2. Make my new book very commercially and critically successful. I took the time to write it and rewrite it many times and I can honestly say that I gave it my all. I will promote it to the best of my ability. All you need to do is force everyone who can read, even a little bit, to buy a copy for themselves and another for a friend, kind of like what 2005, 2006, 2007, 2008 etc. did with Twilight. My book is called The Woefield Poultry Collective in Canada and Home to Woefield in the U.S. Write those names down, 2011, just in case you get forgetful about my book sales like some other years I won’t mention.  Also, remember to contact the high powered TV people. A long-lived TV series spin-off is definitely in order, because I’d really like one.

3. Make the book I’m working on right now really good and easy to write and edit. Then have a word with 2012 about marketing and so forth, based on what you learned while making Woefield a juggernaut.

4. I’d like to lose some weight (10 lbs would be fine) but in no way modify my eating habits. Also, I’d prefer not to get food poisoning this year.

5. Don’t be shy about sending money my way.
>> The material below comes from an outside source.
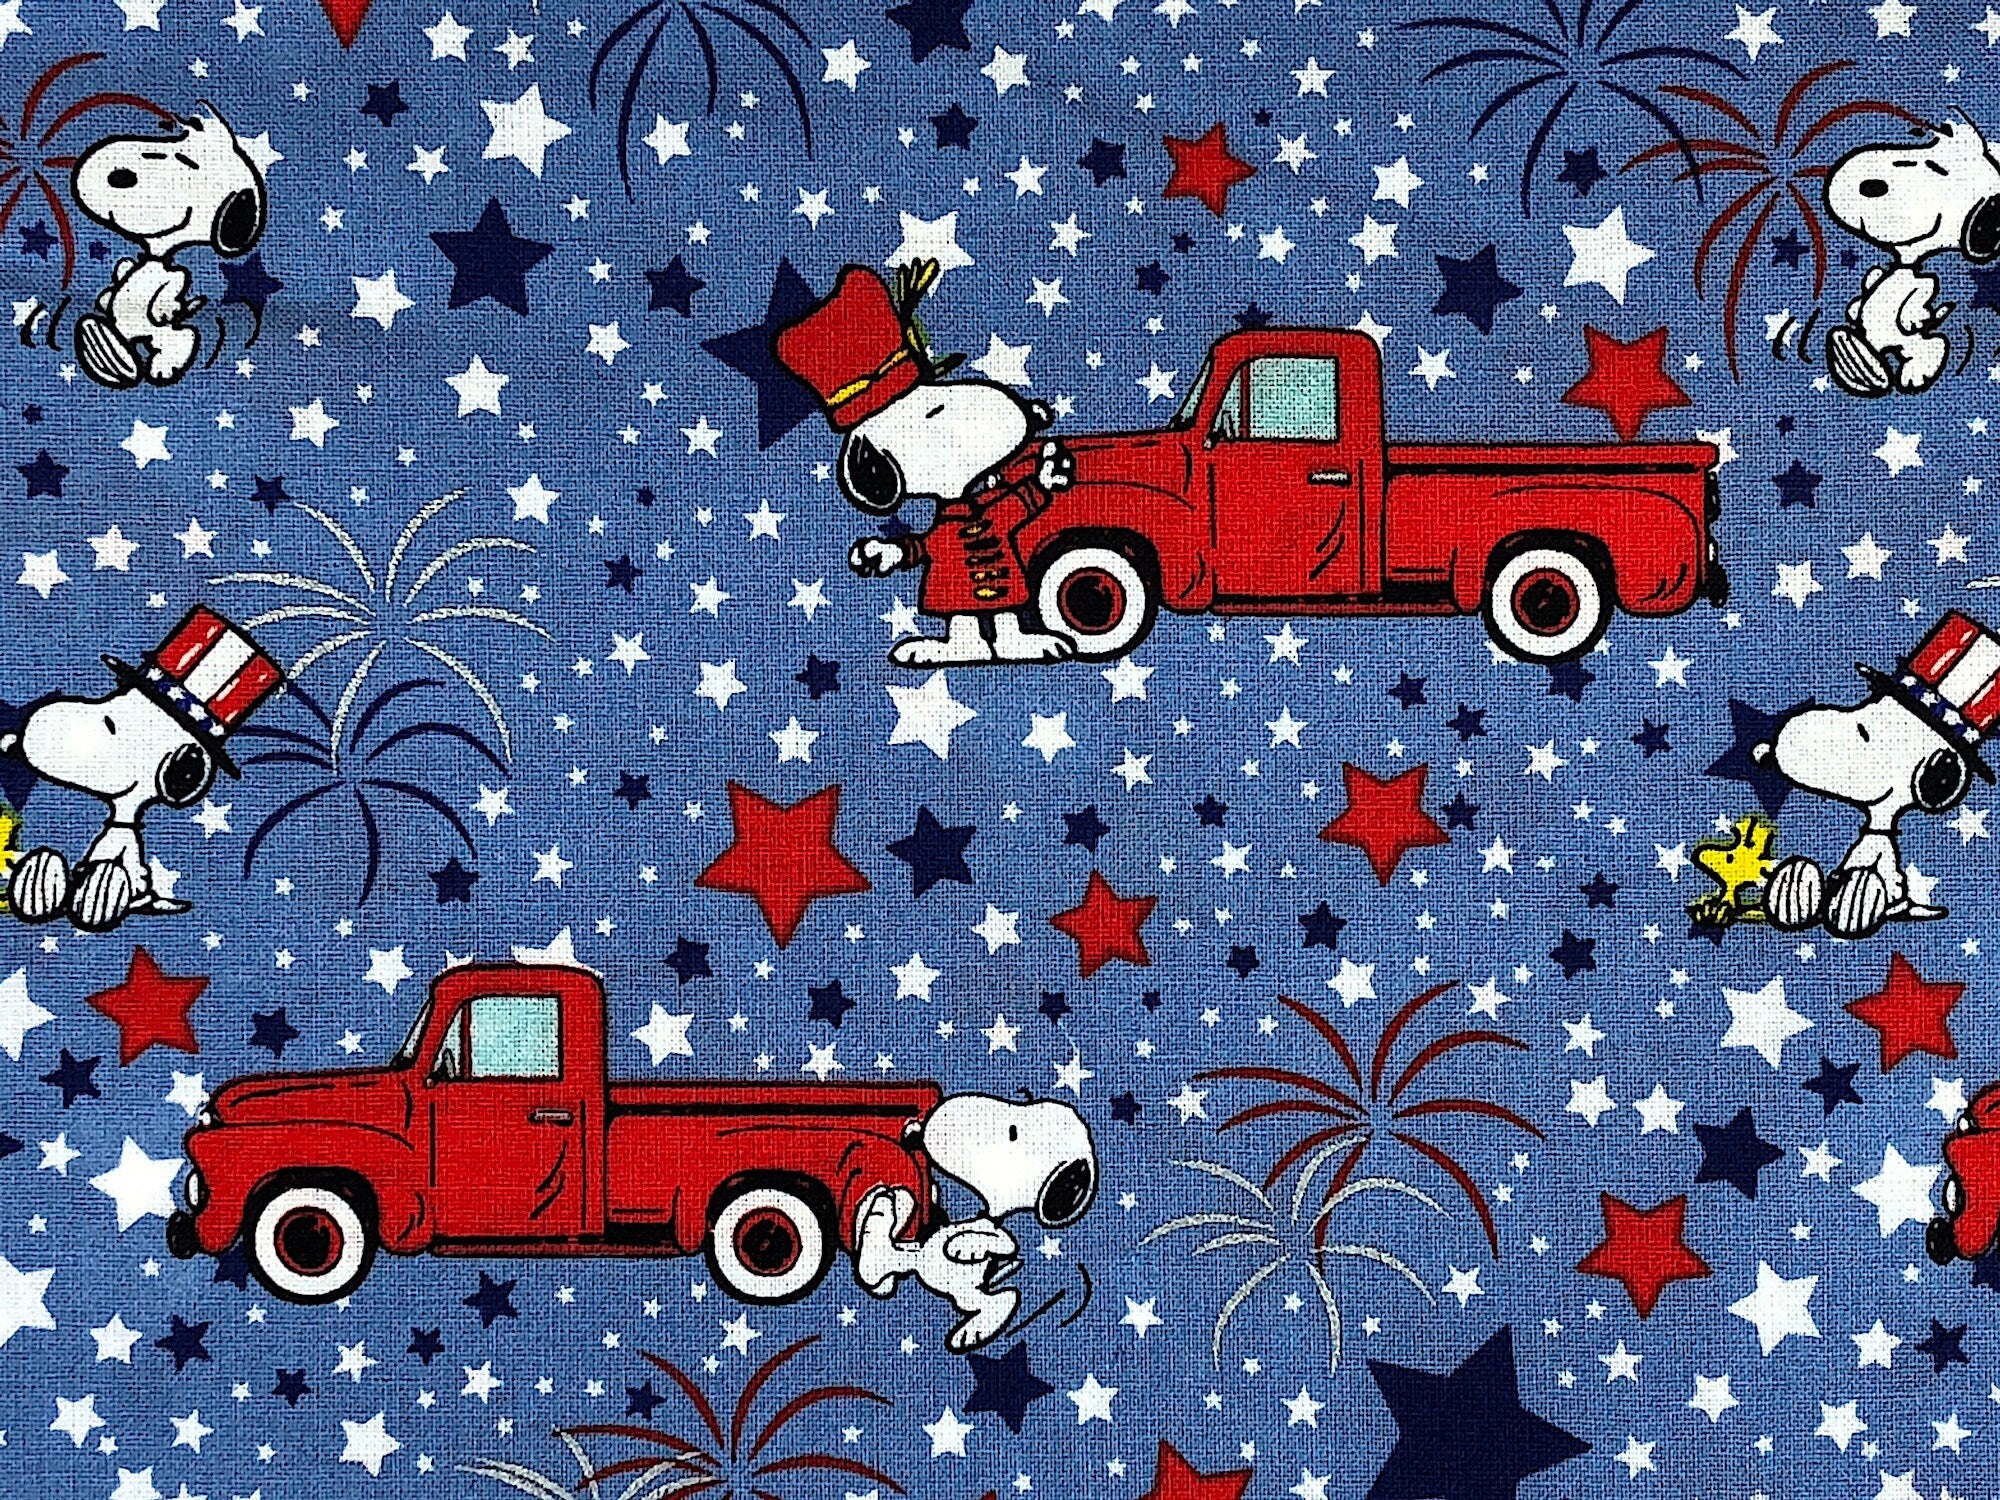 Close up of Snoopy celebrating Independence Day

Some can come from book sales and work, but don’t be afraid to leave quantities of $50 bills where I can find them.

6. I’m somewhat interested in becoming a famous quilter, but find quilting a bit tedious and time-consuming. What I propose is that you send along a taste-maker of some kind, maybe Wintour or someone like that, have her buy my first quilt for, say, $75,000. Then get her to tell people like Gwyneth about it and then get Gwyneth to write me up in GOOP as the amazing new quilter so I can determine whether it’s fun to be a celebrity quilter. Please make sure the weight loss has happened before the GOOP team comes to take my photo.

7. If I decide to get chickens, please make them not a hassle. They should also lay a lot of eggs.

8. I’d like the garden to be productive and not much work.

9. It would be fine if I was very inspiring to my students and was voted the best teacher they ever had. They are also welcome to dedicate future publications, including bylines in newspapers, to me. If they would like to bring me delicious snacks, but only when I’m hungry and it’s not awkward to turn the snacks down, that would be fine also. Please, nothing with mayonnaise or green dye.

10. Health and happiness to everyone I know or ever might know, as well as peace on earth and an end to environmental destruction and urban sprawl are also on the list.

As you can see, 2011, there is a lot to do and no time to waste!

I look forward to working with you and if I have further items to add to my list, I’ll send them along when I feel like it.